The very nature of high-tech industries also hampers organizing efforts. Many software designers or biotechnical engineers work for small start-up companies that unions find difficult and expensive to penetrate. Among larger firms like Ap ple Computer, which has no production unions, workers are often part of flex ible teams that change tasks from month to month and work closely with management. That creates a sense of empowerment that can leave unions with little role to play. "Labor's mentality is manifestly tied to the old workplace," says David Hale, chief economist for Chicago-based Kemper Securities. "The new industries in the U.S. are evolving so rapidly that there is no stable craft pattern for a union to represent."

Not surprisingly, labor has scored its biggest gains in recent years in work places untroubled by foreign competition. While government employees were virtually non-union in 1946, 37% of the country's 6.6 million public workers are card-carrying members today. "You don't import your government from Hong Kong, do you?" says Daniel Mitchell, a labor expert at UCLA. Among private- sector unions, the Service Employees' International, whose membership includes janitors and hospital orderlies, has grown from 625,000 in 1980 to more than 1 million. While that growth reflects intensive union efforts, organizer Andy Stern also credits the increases to the fact that the jobs "can't be moved offshore."

Labor experts say unions now have their best chance in years to score broader gains. Paula Voos, who teaches industrial relations at the University of Wisconsin, cites recent polls showing that up to 40% of nonunion workers say union representation would improve their lot. "It's not a majority, certainly, but it still represents millions of workers," Voos says. Dawn Kowalski, a machine operator at a Pilot Industries auto-parts plant in Dexter, Michigan, is one of them. Hoping to win higher wages and better conditions, she plans to vote to join the United Auto Workers at an in-plant election this week. Like many other parts suppliers, Pilot has never had a union. "We're standing up and fighting back," Kowalski says.

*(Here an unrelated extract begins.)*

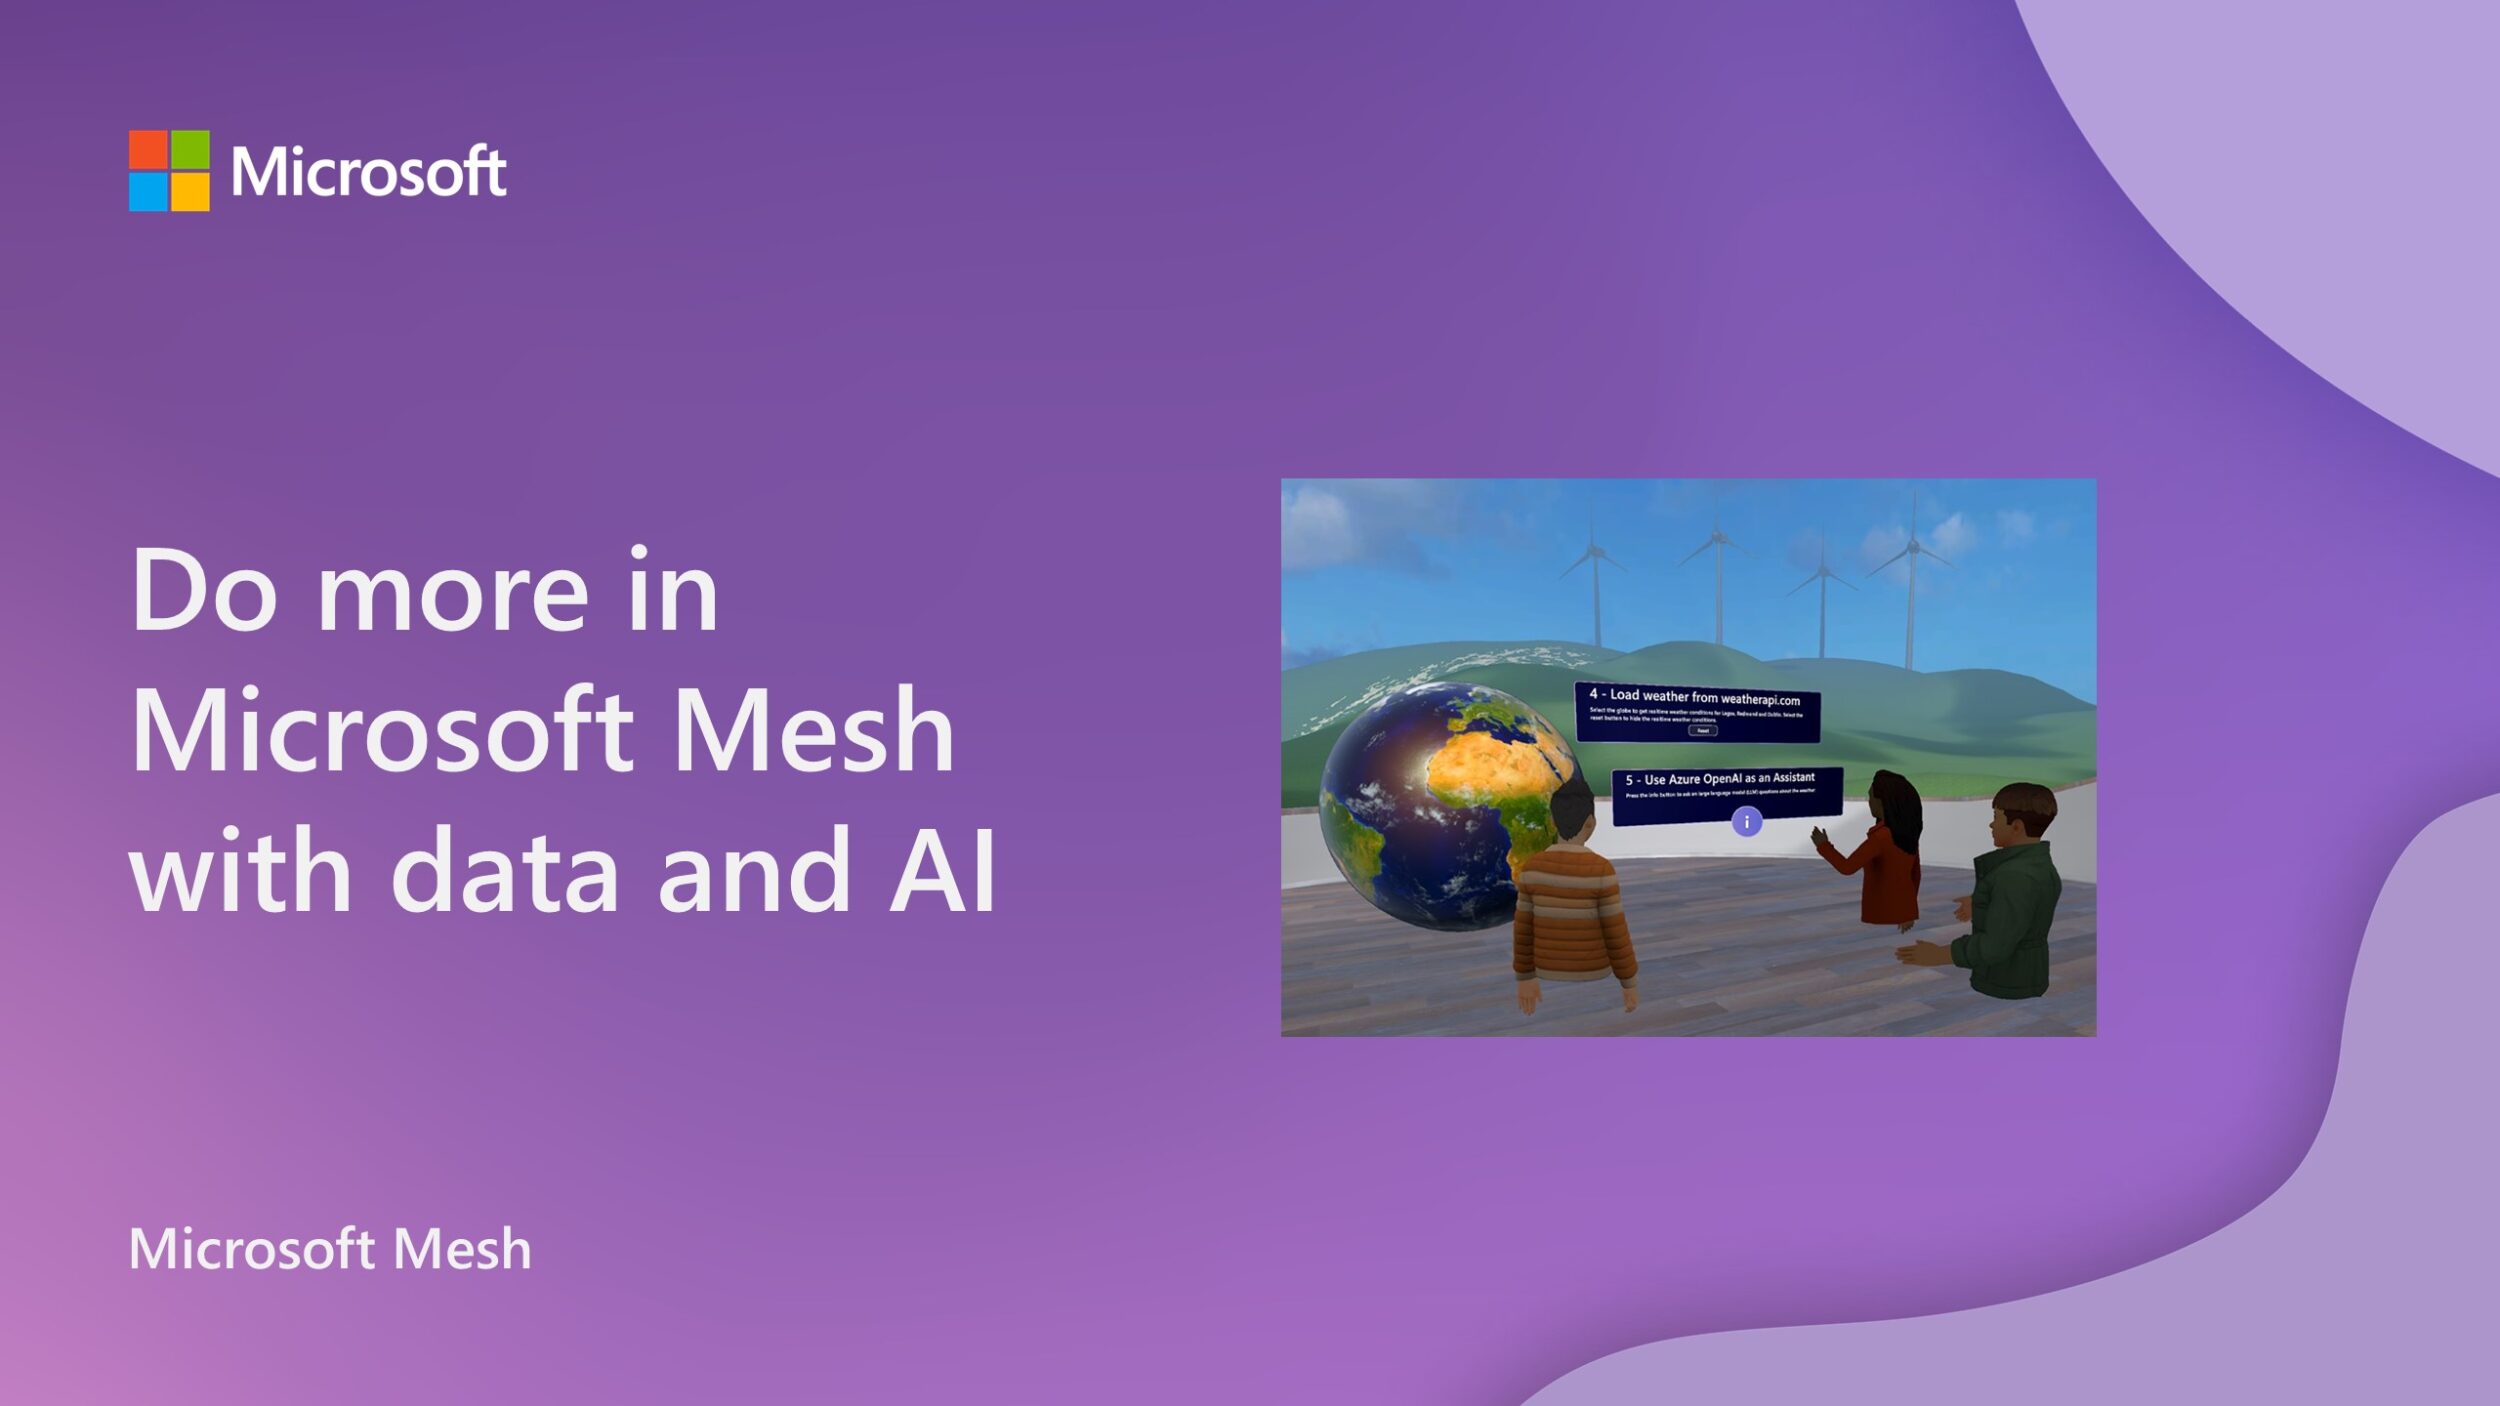 Do more in Microsoft Mesh with data and AI

The biggest challenge for labor in the next few years will be to organize professionals and other white-collar workers in growing industries. "Union leaders clearly have failed to think strategically about the long term," says Steven Currall, assistant professor at Rice University's Jesse H. Jones Graduate School of Administration. "They need to recruit lawyers and MBAs who can more easily tap into the professional ranks. You've got to have a white collar to organize white collar." Without such innovative strategies for gaining new members, labor's victory at American Airlines could prove to be little more than an isolated incident.